Y como si los calores no fueran suficientes, ahora tenemos que sincronizar nuestros momentos para conversar. ¡No vaya a ser cosa de hablar justo cuando alguna de las dos está en pleno ataque de sudor donde la concentración está puesta en cómo salir ilesa de la situación y que pase lo más rápido posible! Porque cuando estoy hablando con ella o con alguien, siento como de repente mi cintura se enciende y sube como un fuego por mi tórax, mis pechos, el cuello y la nuca hasta el cuero cabelludo. En esos minutos pierdo la concentración en el diálogo y me pongo tan irrisible que lo único que quiero es frio para apagar tanto fuego. No me importa si el otro que tengo enfrente entiende o no lo que me pasa, si se nota mi incomodidad, mi piel pegoteada y mi cuello mojado.
Y para rematar, las infecciones urinarias se sumaron a la fiesta. La ginecóloga me anticipó que debo tomar más agua e ir al baño al primer indicio de necesidad. También tengo que hacerme nuevos estudios, como la densitometría ósea para saber el estado de los huesos. Y no debo olvidarme de acompañarlo con una dieta que incorpore calcio, vitamina D, hierro y que no aumente el colesterol. Ah, y también me aclaró que el chocolate, el café, el té y el mate fomentan los calores.
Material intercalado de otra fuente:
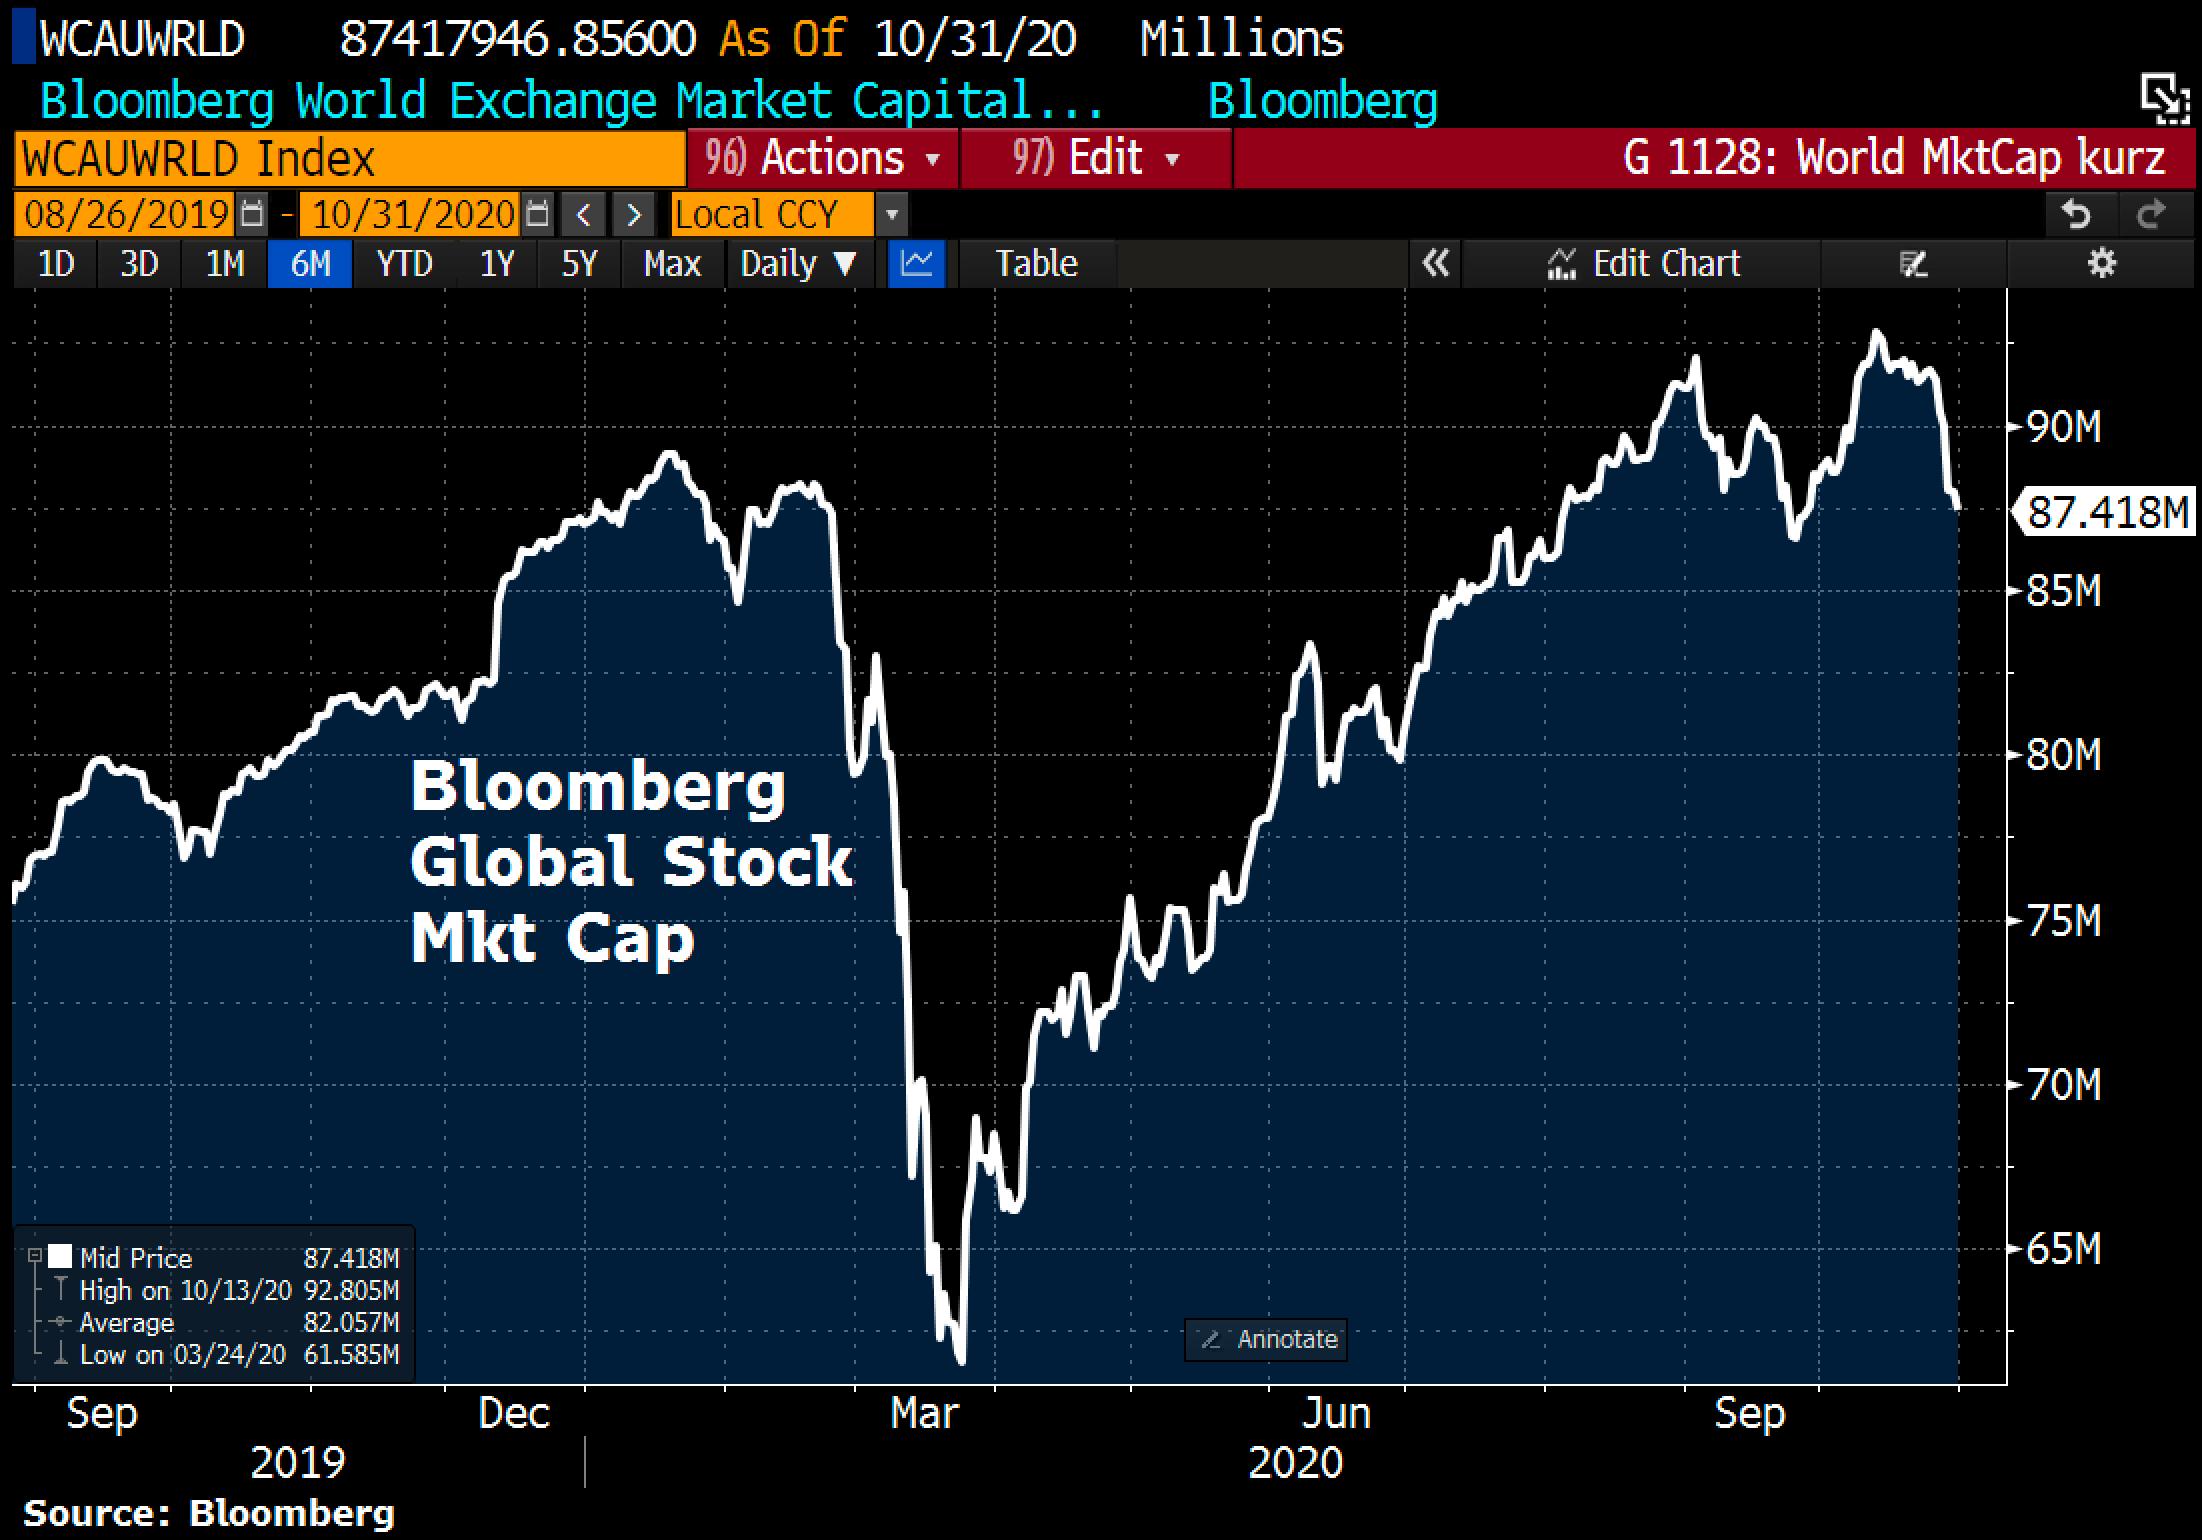 Global stocks market cap

Prefiero pensar que todo esto suena más a ritual mágico que a un plan de alimentación. El entrenamiento pasó a ser una actividad semanal obligatoria. Mínimo dos veces por semana para fortalecer los músculos.
¿Me vendrá o no me vendrá? Esa pregunta que nos persigue a las mujeres desde la adolescencia hasta la adultez y está vinculada a un sinfín de cuestiones emocionales y de salud, también es un tema recurrente en charlas con amigas: ¿Sos regular o no?, ¿cuánto te viene?, ¿experimentaste un retraso?
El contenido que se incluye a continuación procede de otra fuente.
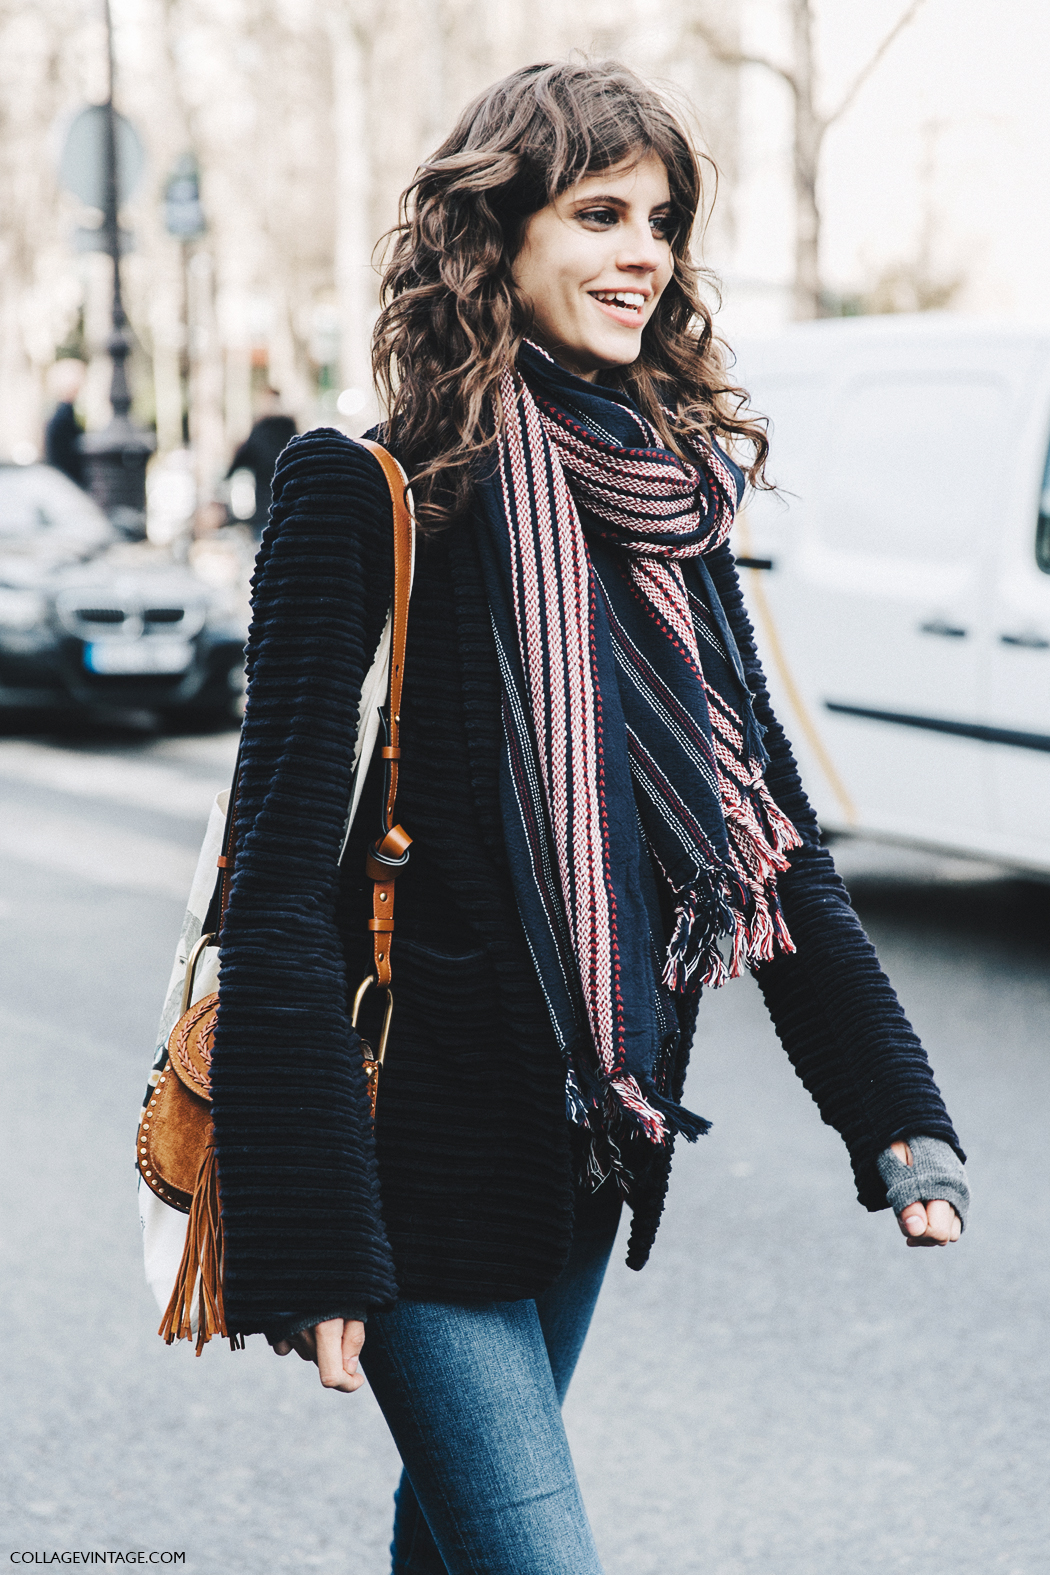 PFW-Paris_Fashion_Week_Fall_2016-Street_Style-Collage_Vintage-Model_Chloe-4

Y encima la transformación de nuestro cuerpo y los eternos debates sobre qué hacer y qué temores enfrentar. Hasta hace poco tiempo, en el calendario anual que está en la primera página de mi agenda anotaba cada mes el día que me venía la menstruación. En una ojeada veía las marcaciones mensuales con resaltador amarillo. El de este año todavía no tiene ninguna. Cada día que pasa abro mi agenda con una esperanza de volver a apoyar el marcador sobre uno de los días del mes.
Hasta ahora pensaba que conocía mi cuerpo, pero últimamente me siento tan desconcertada como en mi adolescencia. Mientras mis venas arden y mi piel transpira, espero ansiosa la llegada del invierno, como si fuera la promesa de un alivio.